SPGen: Spherical Projection as Consistent and Flexible Representation for Single Image 3D Shape Generation
This addresses the problem of generating consistent and flexible 3D shapes from single images for computer vision and graphics applications, representing a novel method for a known bottleneck.
The paper tackles the problem of inconsistent multi-view reconstructions and limited representation of complex internal structures in single-image 3D shape generation by introducing Spherical Projection (SP), which projects geometry onto a sphere and unwraps it into a 2D representation. The result is SPGen, which significantly outperforms existing baselines in geometric quality and computational efficiency.

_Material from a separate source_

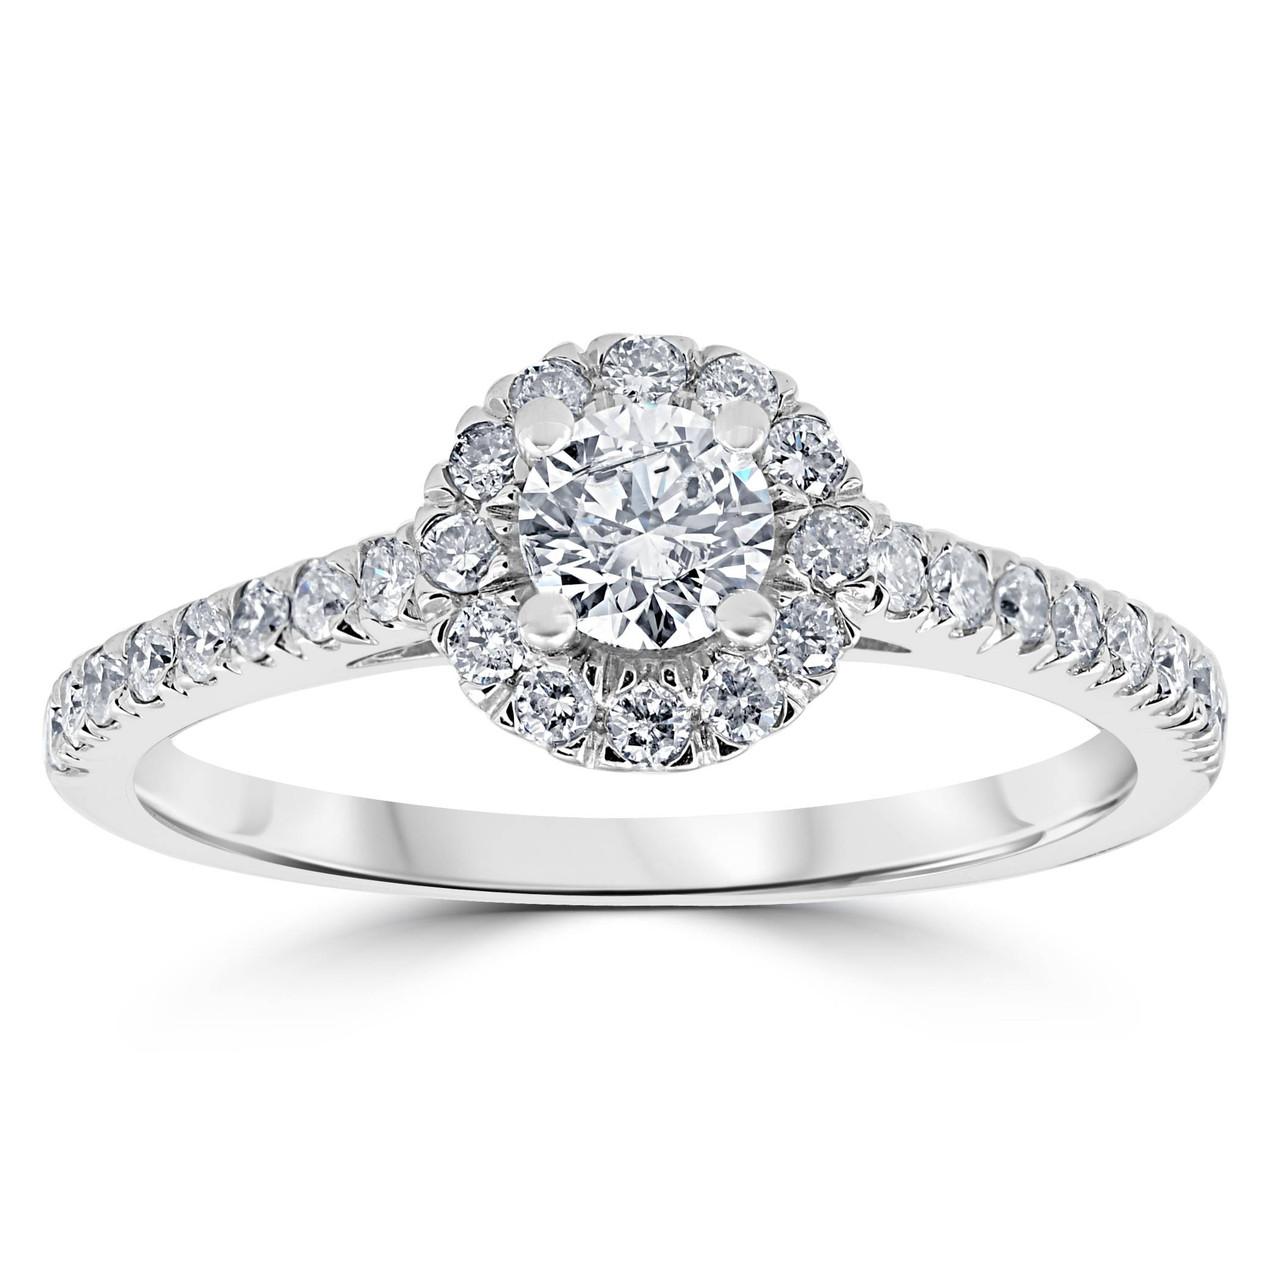 7 8ct Halo Lab Created Diamond Engagement Ring 14k White Gold

Existing single-view 3D generative models typically adopt multiview diffusion priors to reconstruct object surfaces, yet they remain prone to inter-view inconsistencies and are unable to faithfully represent complex internal structure or nontrivial topologies. In particular, we encode geometry information by projecting it onto a bounding sphere and unwrapping it into a compact and structural multi-layer 2D Spherical Projection (SP) representation. Operating solely in the image domain, SPGen offers three key advantages simultaneously: (1) Consistency. The injective SP mapping encodes surface geometry with a single viewpoint which naturally eliminates view inconsistency and ambiguity; (2) Flexibility. Multi-layer SP maps represent nested internal structures and support direct lifting to watertight or open 3D surfaces; (3) Efficiency. The image-domain formulation allows the direct inheritance of powerful 2D diffusion priors and enables efficient finetuning with limited computational resources. Extensive experiments demonstrate that SPGen significantly outperforms existing baselines in geometric quality and computational efficiency.